The algorithm can be described as follows:
(1) Get a blank sheet of paper (Initialize)
(2) Write the number in the middle at the top of the page. (Root)
(3) Think of two numbers which, when you
(
multiply them, would equal "the number."
(a) If you found two numbers, then draw left
and right branches and put these numbers
at the ends.
(b) If you did not find two numbers, then
there is nothing more to do with this number.
(4) Do 3 for each number which you wrote in 3. (Repeat)
If none of the new numbers can be split, then stop.
(5) Write down all of the ATOMS - those numbers which
were not split - this is the prime-factorization.
For example, prime factoring 120 can give a variety of trees:
120 120
/ \ / \
12 10 2 60
/ \ / \ / \
3 4 2 5 2 30
/ \ / \
2 2 2 15
/ \
The prime factorization is: 3 5
120 = 3*2*2*2*5
Oddly enough, although a variety of trees are possible, they all contain
the same atoms - that is, the prime-factorization is unique.
The general algorithm for building up a binary tree is -
(1) Initialize - empty the tree
(2) Root - get a value for the root
(3) Split an atom
(4) Repeat (3) until finished
This concept is quite natural, but it is a bit tricky to keep track
of things in arrays. Thus, it is important to write good procedures
for (1) (2) and (3) - splitting an atom is especially tricky.
Problem (2) : Write procedures for (1),(2), and (3). Then use them
to input a BINARY TREE, for example a
prime-factorization tree. The
procedure should work as follows: the user types in the "name" of an atom,
and the names of the two children, and the appropriate branches are added
to the arrays. Then write a 4th procedure - print atoms. This is a very
simple procedure - it simply searches the list of nodes, looking for zero
pointers in the left and right children.
Problem (3) : Automate this process, so that you write a program
which prime factors a number by using the tree
method. After each
the computer shows the list of atoms. The user types the name of an atom,
and the computer splits that atom if it is possible. Thus, the user
decides which atom to split, but the computer takes care of finding the
factors. This means you will need a new procedure which accepts an
integer as input, and returns two factors. It could return 0,0 for a
prime input - that is, a number with no factors. In this case,
no split occurs. Do not allow the following:
15
/ \
3 5
/ \
1 3
/ \
1 3
.............. Infinite tree, getting nowhere.

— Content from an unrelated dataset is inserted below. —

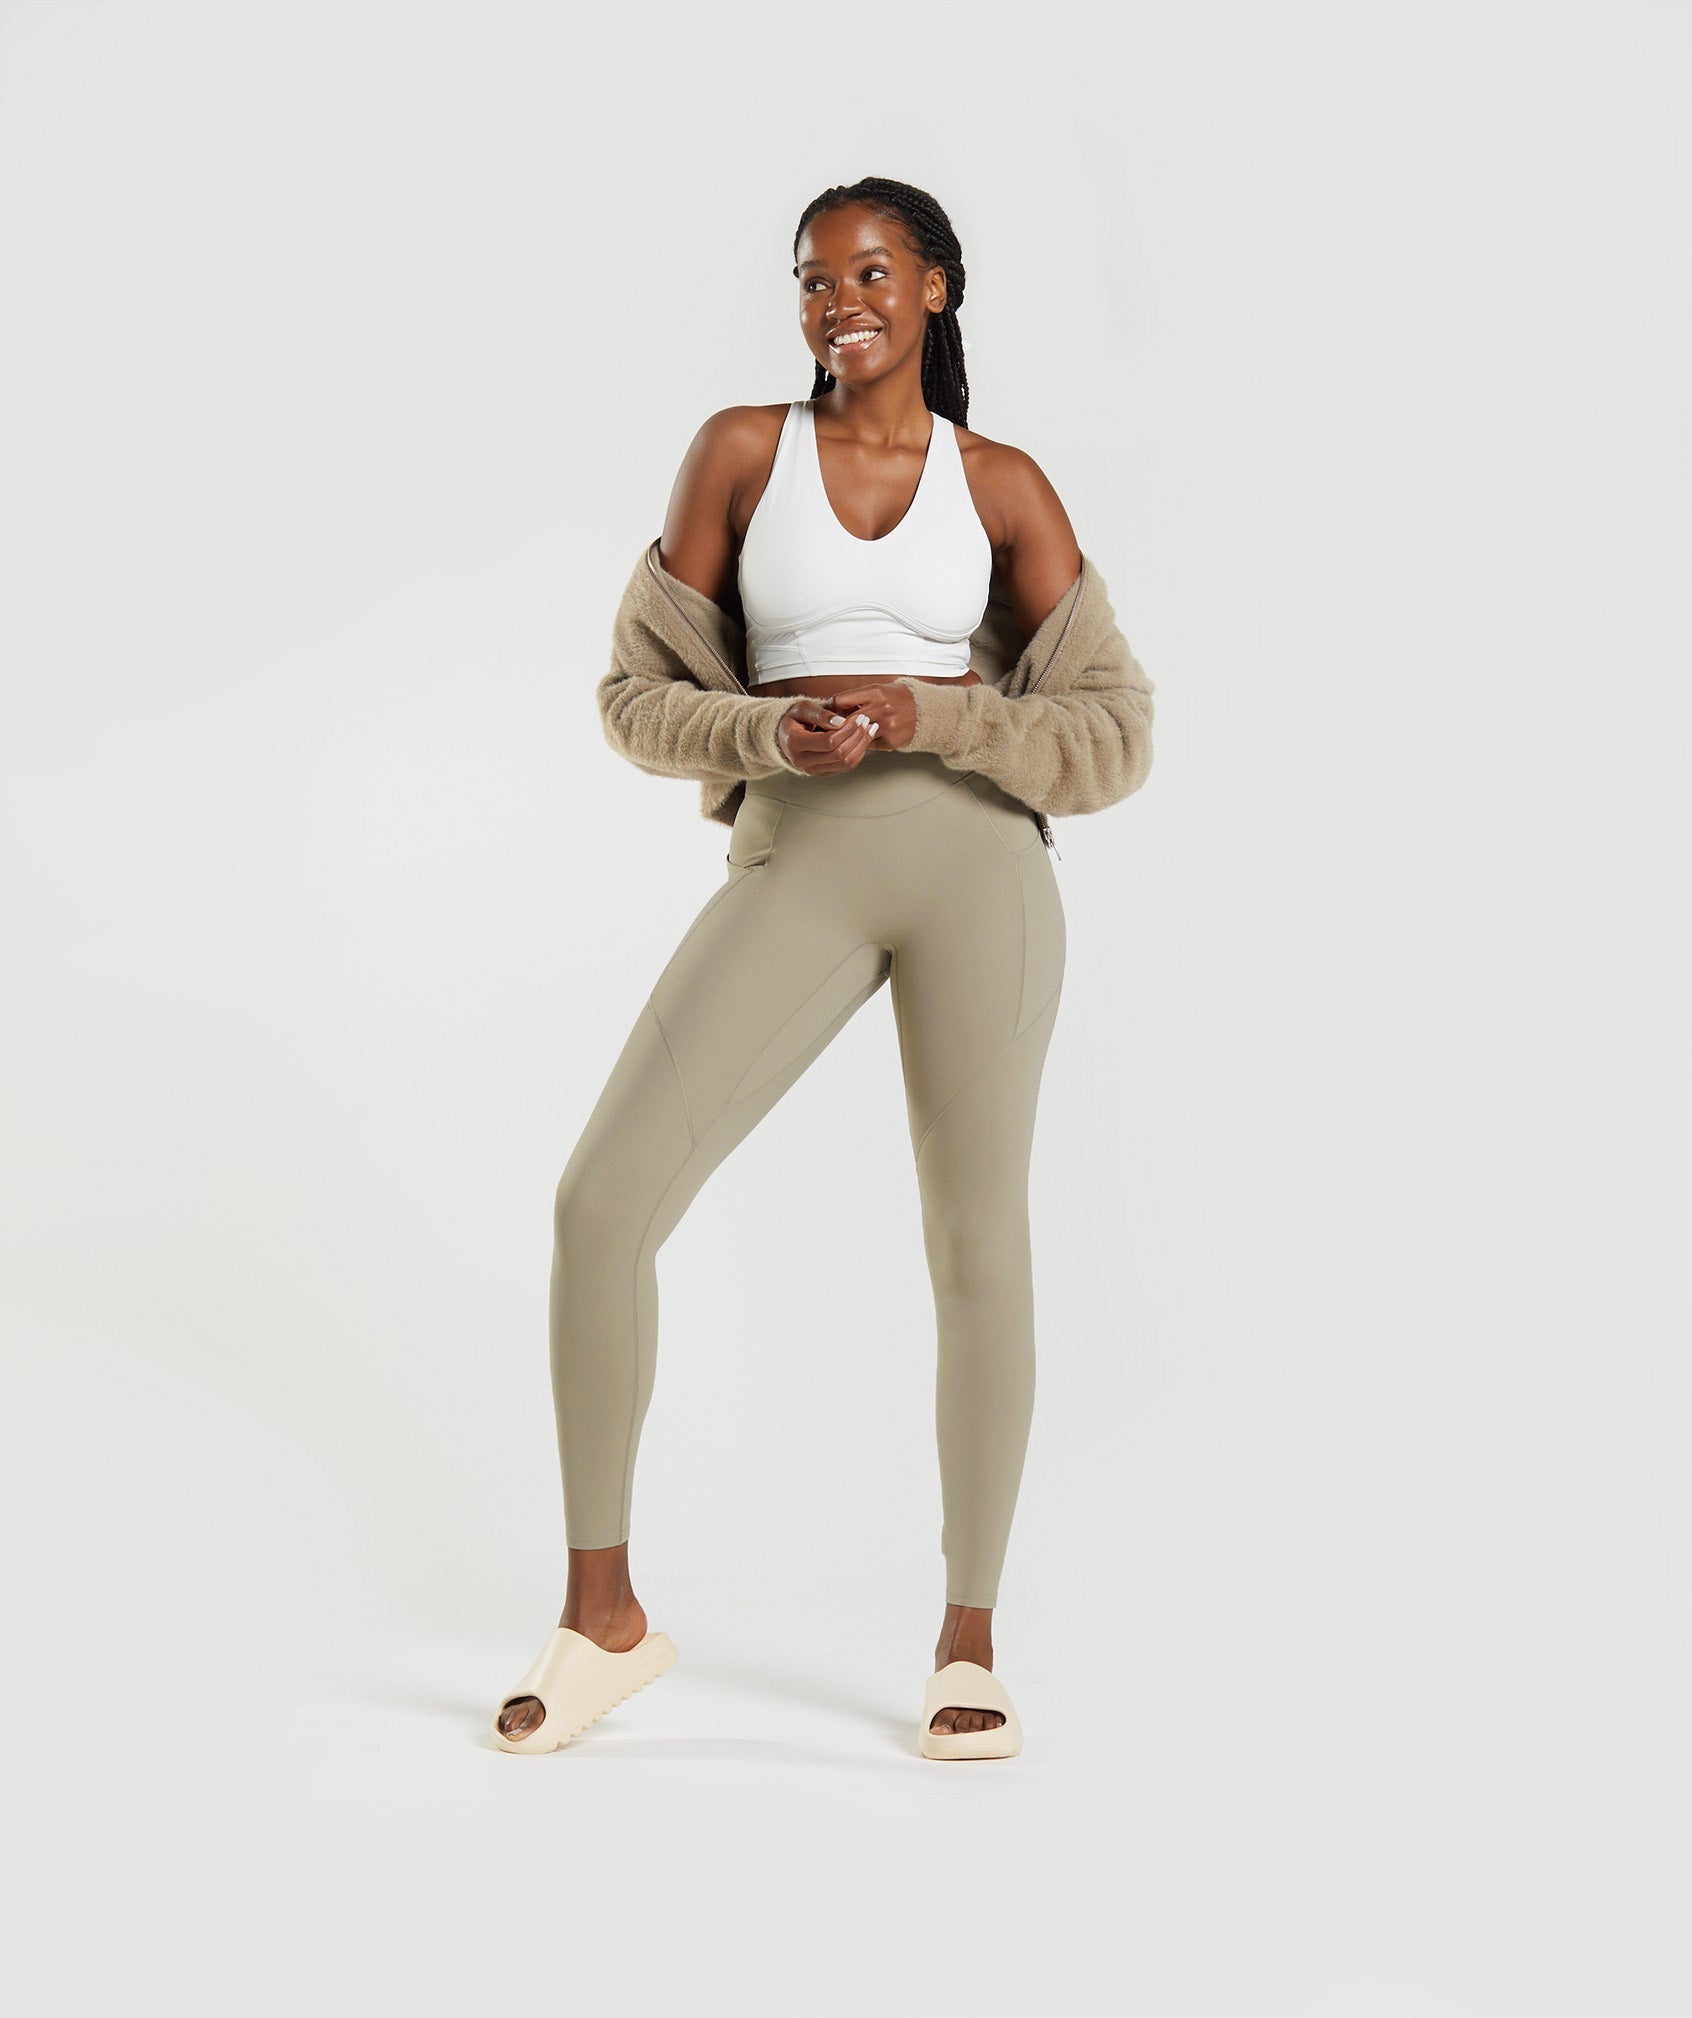 Gymshark Whitney Simmons Womens Chocolate Leggings Nylon - Size

Problem (4) : Automate the process further: the computer chooses the
atom which is to be split. It loops, by itself, until none of the
atoms can be split. Then it stops! This is a bit tricky. Now you
should be able to type in a number, and the computer does the prime
factorization by itself.
Problem (5) : Although it is of no particular theoretical importance,
it is nice for people to be able to SEE a tree. The drawings above are
quite difficult to produce using a computer program, and have the
possibility of growing too large for the screen. Look at the Explorer
program in Windows . This is one possible way to represent a tree.
Another method, which makes sense in the prime-factorization problem,
is the following:
120
(12)(10)
((3)(4))((2)(5))
((3)((2)(2)))((2)(5))
There is one "formula" for each "level" in the tree.
Try writing a SHOWTREE procedure, which prints this list of formulas.
Problem (6) : The prime-factorization problem can produce many different
trees for the same number. Can you write a program which would COUNT the
number of different trees for a given number?